For that matter there’s the fact that you live with your parents. And? Why would that make you a loser, exactly? More than half of 18 – 29 year olds live at home; this is hardly a mark of shame, especially when you consider that you’re a college student in a stagnant economy. Rents are skyrocketing, real estate is priced out of reach for immense swaths of the population and college degrees are expensive as hell. The idea that you, at 21, should be capable of working a job that will pay enough for you to have a place by yourself while also attending college – full-time or part time – is a hell of a stretch, and most folks out there can’t swing that.

You say you feel like you’ve regressed to being 13 and… ok, that’s understandable. But the reasons for this are hardly outside of your control. Your parents are doing the lion’s share of the cooking, cleaning, housework and yardwork? There’s no reason why you can’t take some of that on, starting today! Unless you’ve left something out, there’s nothing stopping you from taking over the yardwork or doing more chores or even starting to do at least some of the cooking. Hell, this would actually do you a world of good by helping prepare you for when you are out on your own. Knowing how to cook and cook well is an invaluable skill and goes a long way towards dispelling the idea of male bachelorhood being some slovenly existence requiring their romantic partners to be surrogate parents.

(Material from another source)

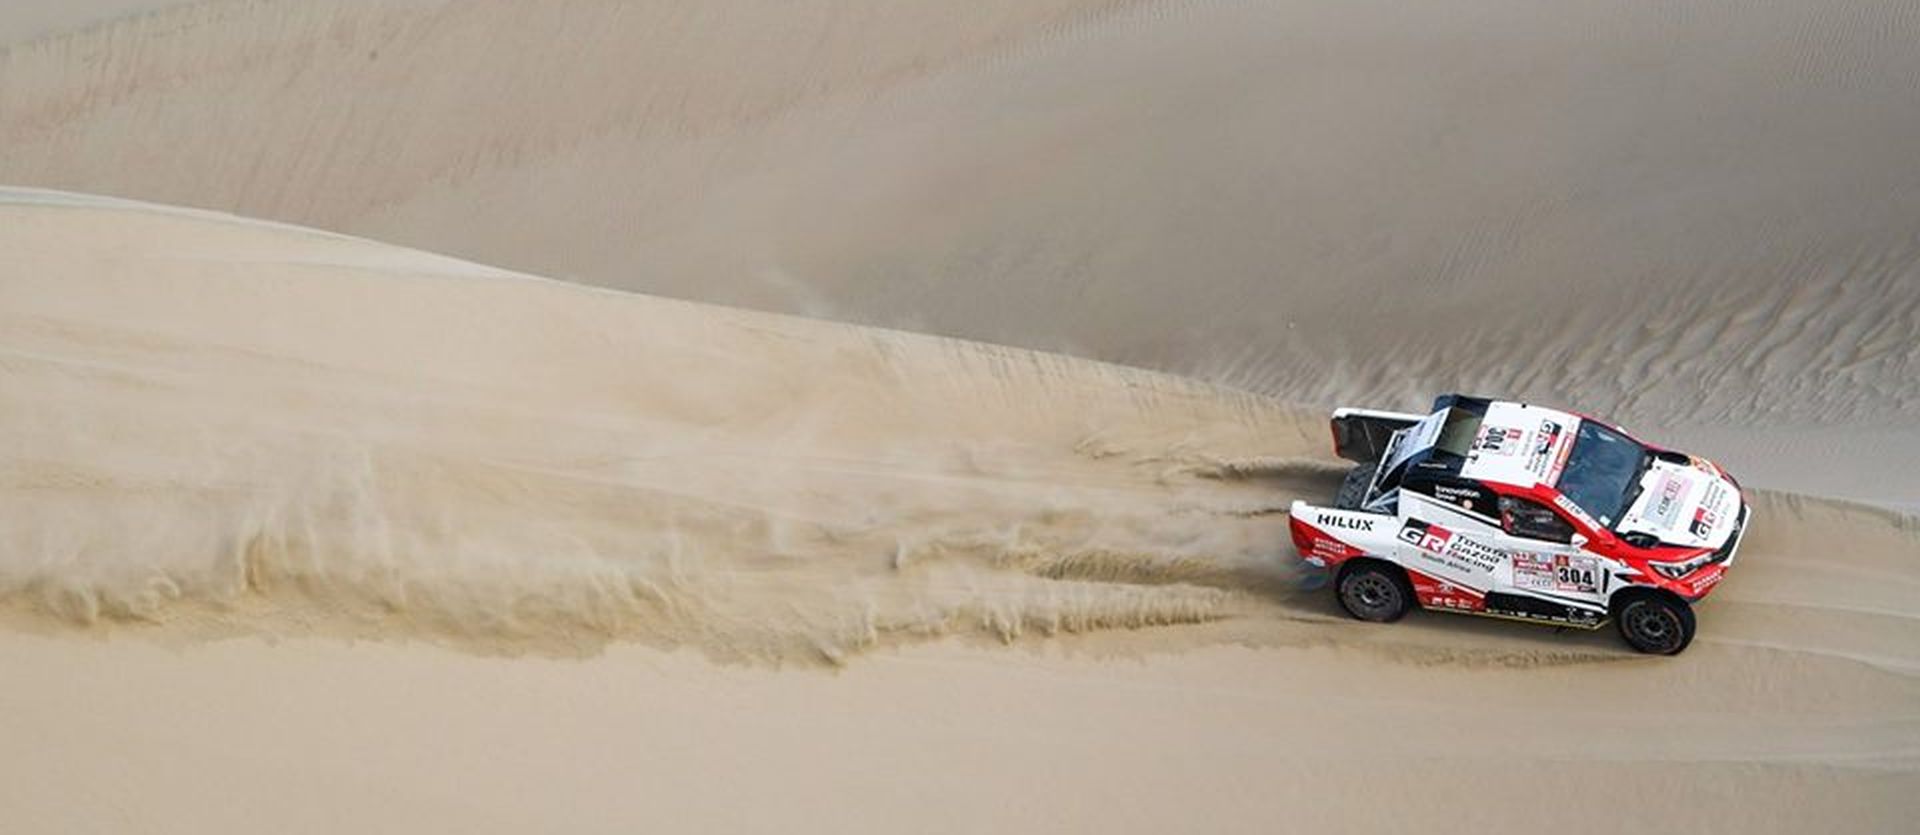 Dakar 2018 - bezdroża Peru wyeliminowały już 53 pojazdy

You did weird shit your freshman year in order to try to stand out and connect with folks? Ok… so? That’s part and parcel of the college experience. I can’t tell you the number of folks I met in college who were choosing to be weird and eccentric because fuck it, why not? Weird Hat Boy, dudes rocking Harris tweed suits, handlebar mustaches and Meerschmidt pipes, the hippie revivalists who thought smoking weed was a personality, the Activists Without A Cause, the Weebs… a fake accent may be a bit cringe, sure, but in the grand spectrum of Weird-Ass Behavior, it’s pretty low on the list compared to the dude who insisted on riding a unicycle everywhere in the dead of winter. You can’t chuck a rock at a gaggle of college graduates without hitting at least five people who have some heavy cringe in their past. Don’t kill the part of you that is cringe, kill the part of you that cringes.

All of the things that you’ve listed about why you’re doomed to be Forever Alone is nothing of the sort. It’s all illusions, mirages, your anxieties screaming at you, not reality. Most of it isn’t the handicap you think it is, and the rest is easily changeable. This isn’t the dead end you fear, it’s literally part of the personal and social development you say you’re worried you missed and are missing.

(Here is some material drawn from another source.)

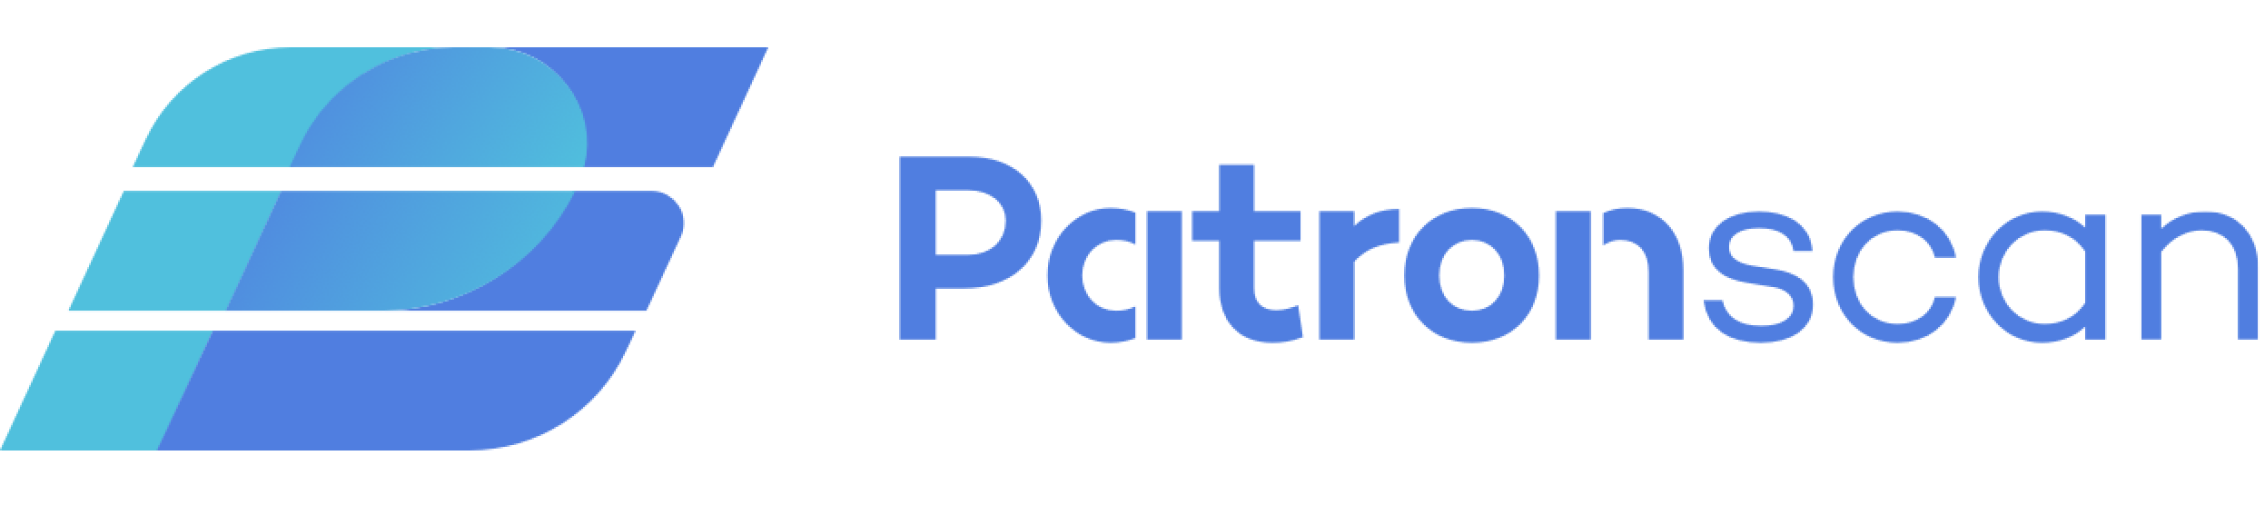 Patronscan Logo

Now, the part that does complicate things is COVID and the Omicron variant. Folks in general need to be more careful to avoid exposure and spreading the virus while Omicron is spiking, and your being immunocompromised makes taking precautions more important. Even fully vaccinated and boosted, you and other people like you are precisely why we can’t just act like the pandemic is over; we live in a society and we have a responsibility to one another. So it’s entirely understandable that you feel stuck and locked out of society – especially with folks who seem to think that you can just choose to be done with the pandemic.

However, that doesn’t mean that you’re locked out of life and society forever. To start with, the rapid spread of Omicron seems to coincide with an equally rapid recession; cases crest and fall far more quickly than previous variants, which gives plenty of reason to hope. As the seasons turn, I think we’ll see cases drop and it’ll be safer to ease our precautions and return to a more public life again.

But even with the current restrictions and precautions, life, uh, finds a way. There’re still ways of meeting, mating and dating and being social, even when you’re avoiding in-person gatherings. Online communities, hobbiest groups and organizations all exist on the local, national and international levels; I imagine that just checking the university’s social media will open any number of opportunities for you. Likewise, if you don’t necessarily find a community that matches what you want, you can create one of your own. It takes very little to start a Discord server – say, one for university students who want to be social during the pandemic – and invite folks to participate. You could host virtual tabletop nights with online programs like Tabletop Simulator and happy hours over Zoom or other video apps.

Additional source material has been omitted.